Biography

nathan williamson

nathan williamson

Nathan Williamson

Nathan Williamson



 
Active as composer, pianist, teacher and artistic director, Nathan Williamson has established a reputation as one of the UK’s most versatile and individual young artists.

His compositions encompass a huge variety of styles and genres – including works for non-western instruments – yet always reveal a clear, individual artistic voice. With growing attention from performers and festivals worldwide, Nathan is in consistent demand for new works. As solo pianist and chamber musician he performs a wide variety of repertoire, including his own music, and has worked with some of the most sought-after artists of his generation.

Nathan’s first opera, A Fountain Sealed (in progress) was performed as a work in progress at the Arcola Theatre’s Grimeborn Opera Festival in August last year, supported by funds from the Presser Music Foundation. The work takes as its subject the current split in the church over some relationships, and is being developed towards full production in 2008/9. Rupert Christiansen of The Daily Telegraph reviewed the performance, saying ‘People don’t write opera like this any more, and perhaps they should’.

In 2007 Gestures, a new commission for cellist Charles Watt, was premiered at the Purcell Room in January with the composer at the piano. A solo violin work, Homecoming, commissioned by Piotr Szewczyk, continues to be performed at venues and festivals across the US, including Spoleto, Santa Fe and the 'Inside the Music' series. Nathan also collaborated with Sarangi and Tabla players Aruna Narayan and Hanif Khan and ensemble ENDYMION on a project to combine Western and Indian instruments. The resulting work, Natipur, toured the UK in May, supported by SPNM and the Asian Music Circuit.

In 2000 Nathan was commissioned to co-compose a work for Luciano Berio’s project L’arte della Fuga, receiving performances in five European countries. In 2001 A Sniff of the Real Me was commissioned for the first Chacombe Music Festival and House of Music was commissioned by the ‘Music Works’ String Orchestra. In 2003, the performance of three new works - Solitude, Static and Endings - in the US and Canada led to commissions for a String Quartet - 2005 for the TinAlley Quartet and a major orchestral work, As Chants Would Have It (2006) for the Daejeon Philharmonic and Tuscaloosa Symphony.

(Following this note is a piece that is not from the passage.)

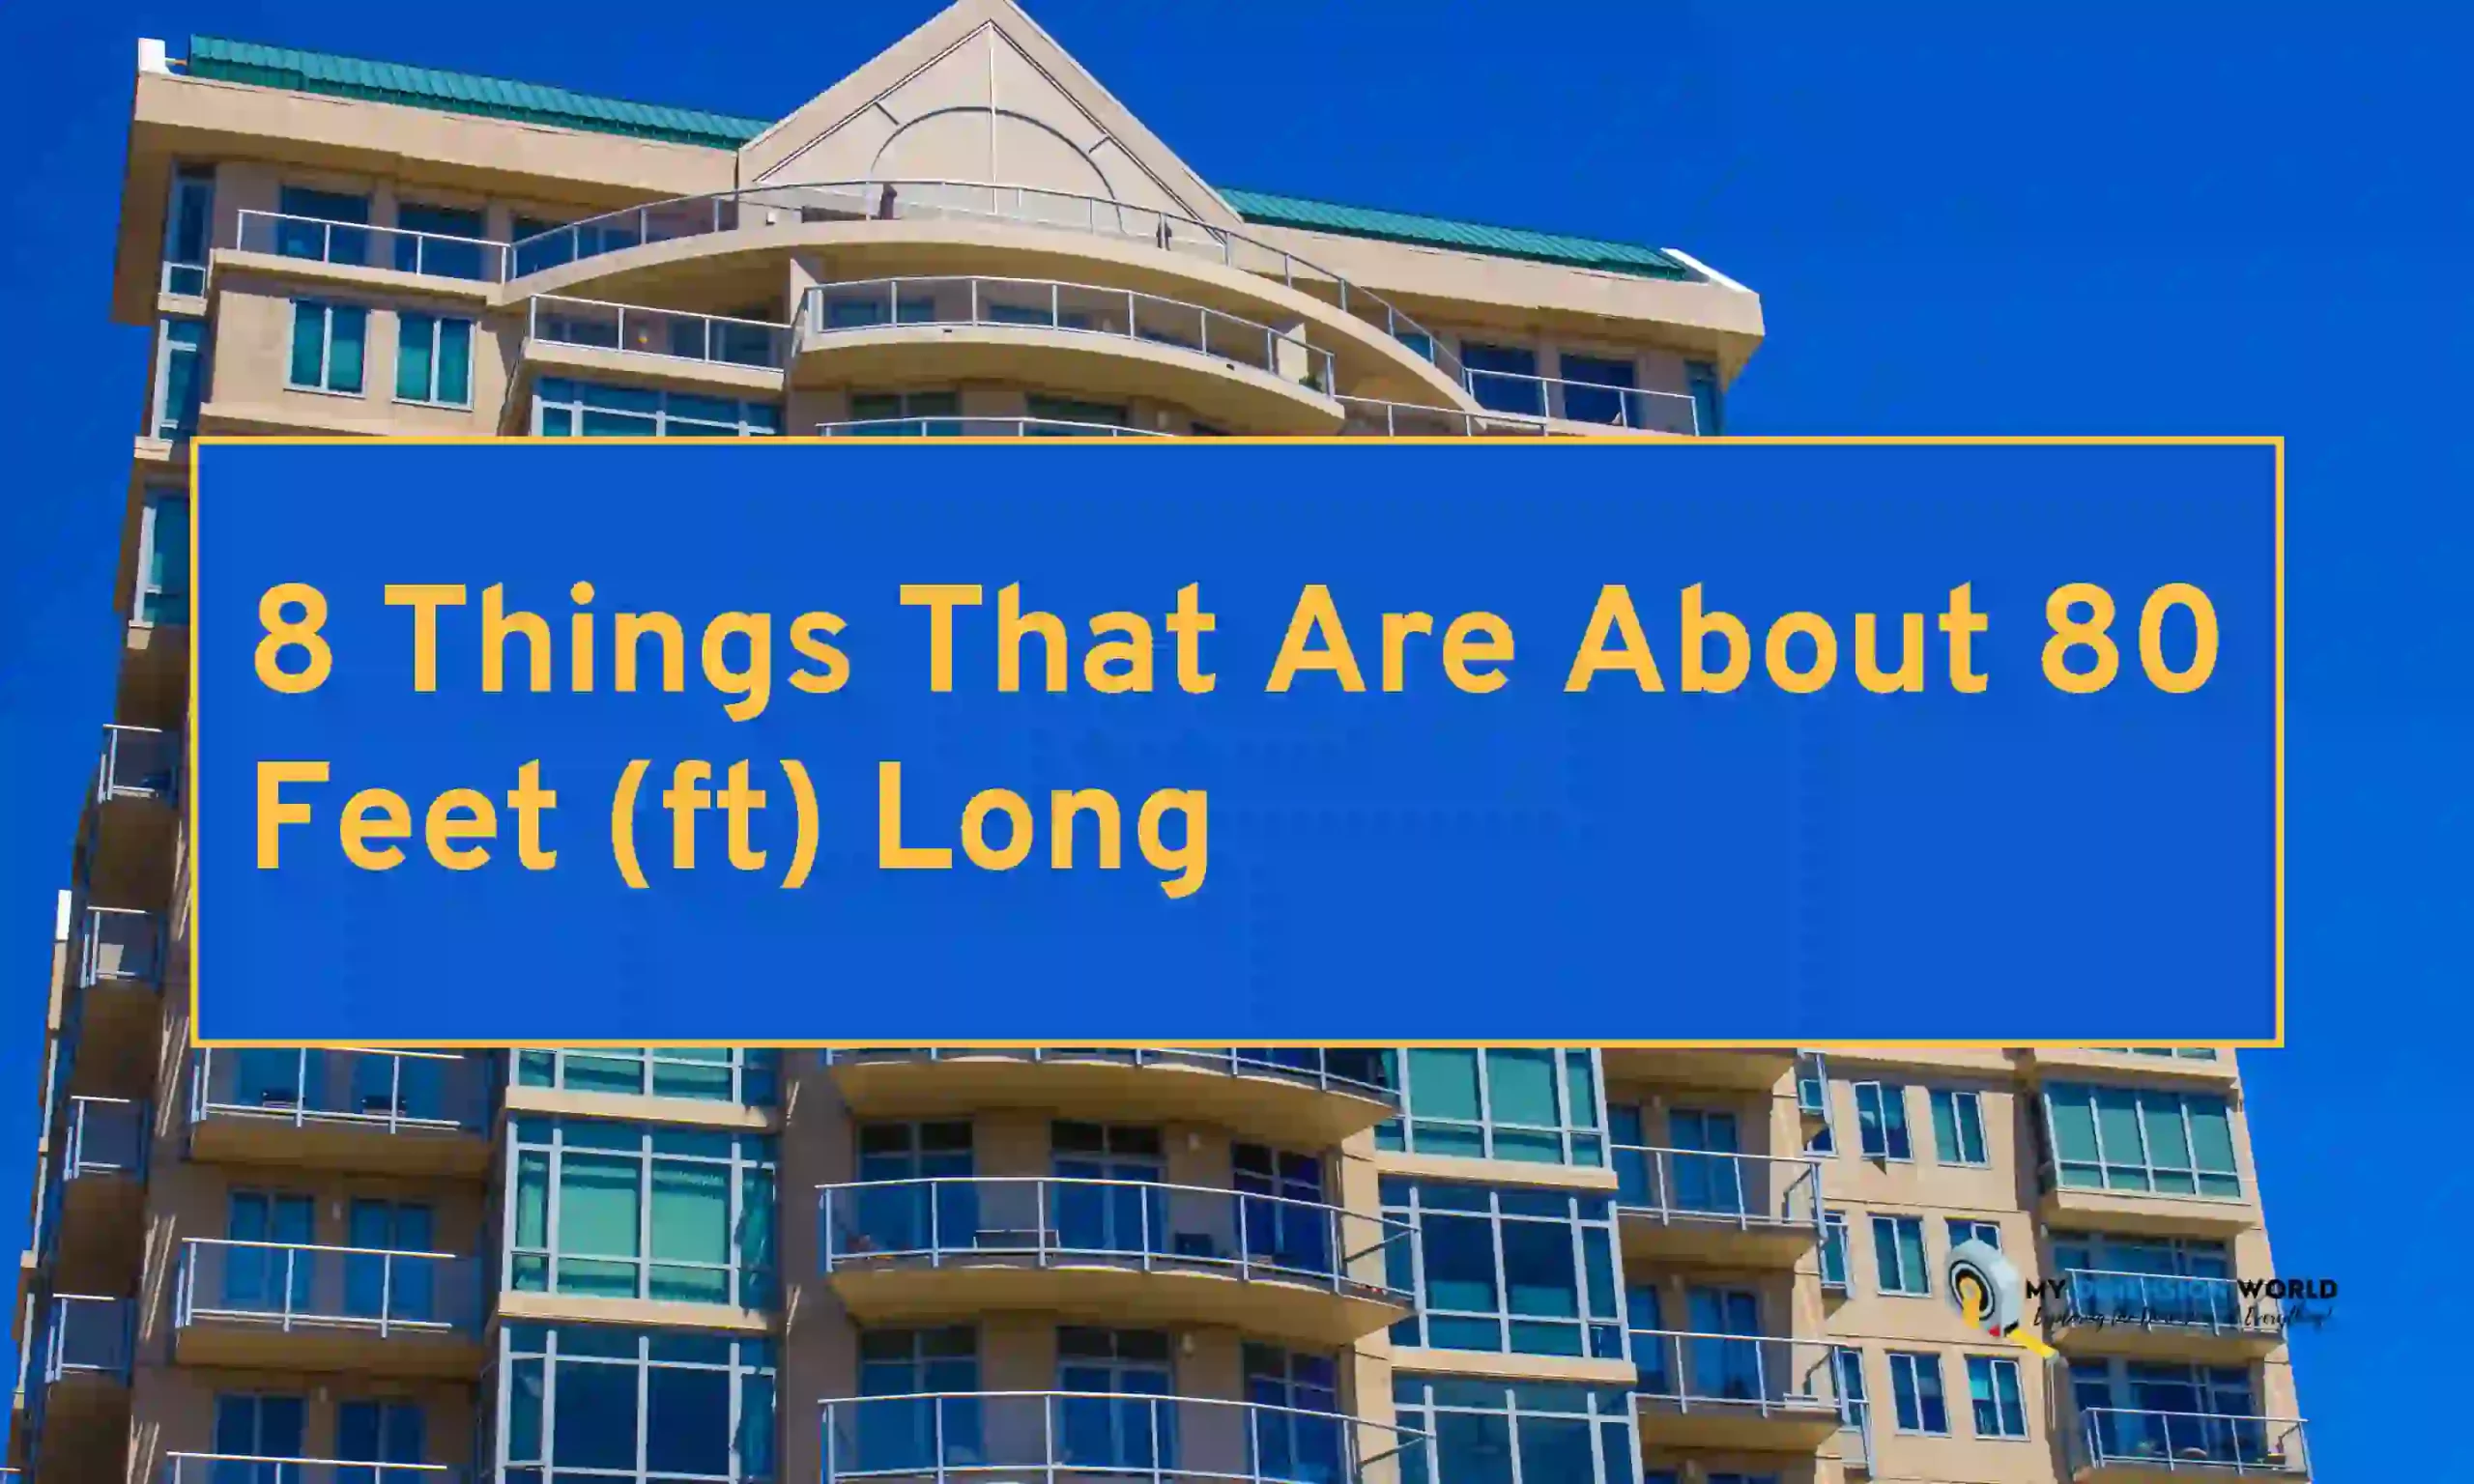 8 Things That Are About 80 Feet (ft) Long

The coming two years will see a host of new works, including for the Yale Schola Cantorum, the highly acclaimed NOW ensemble of New York, the ensemble 'Made in Canada', a concert version of the Cabaret Songs from Auden/Isherwood’s The Ascent of F6 and the completion and full production of A Fountain Sealed.

Nathan’s work as a pianist, described as ‘Superbly musical and technically masterly,’ (Bryce Morrison) has involved collaborations with artists including Nadia Wijzenbeek, Akiko Ono, Marie Macleod, Charles Watt, and the Allegri String Quartet and appearances at the Amsterdam Concertgebouw, Lucerne Concert Hall, Bolzano Festival, Purcell Room, St John’s Smith’s Square, Holywell Music Room, Palais du Residence, Brussels, Atrium du Magne, Paris, the Jardin de Secrets series in Aix-en-Provence and many other venues.

In 2001 he was the solo pianist with the European Union Youth Orchestra, performing Stravinsky’s Petrouchka under conductor Paavo Järvi and chamber music recitals with the orchestra’s principal string and wind players across Europe. In 1997, aged just 18, he established a reputation as an outstanding exponent of new music, performing with the London Chamber Group in 14 performances of Sir Peter Maxwell Davies’ The Lighthouse at the Battersea Arts Centre.

Nathan has been Artistic Director of the Chacombe Music Festival since 2005. Set in the beautiful Oxfordshire countryside in the early summer, the festival combines vocal and instrumental repertoire, featuring some of the UK’s finest young singers and chamber groups. A week-long residency for the festival performers – with professional rehearsal space, full board and several performance opportunities – is now established. Recent beneficiaries of the residency include the highly acclaimed Lendvai String Trio and Rhodes Piano Trio.

Born in Cambridge in 1978, Nathan is currently based in London. He studied composition with Malcolm Singer and piano Joan Havill at the Guildhall School of Music and Drama and with Ezra Laderman and Martin Bresnick at Yale University, where he won several major prizes and was awarded a one-year teaching fellowship upon graduating. In 2008 Nathan will complete his Doctorate in composition at Oxford University, where he has been working with Robert Saxton.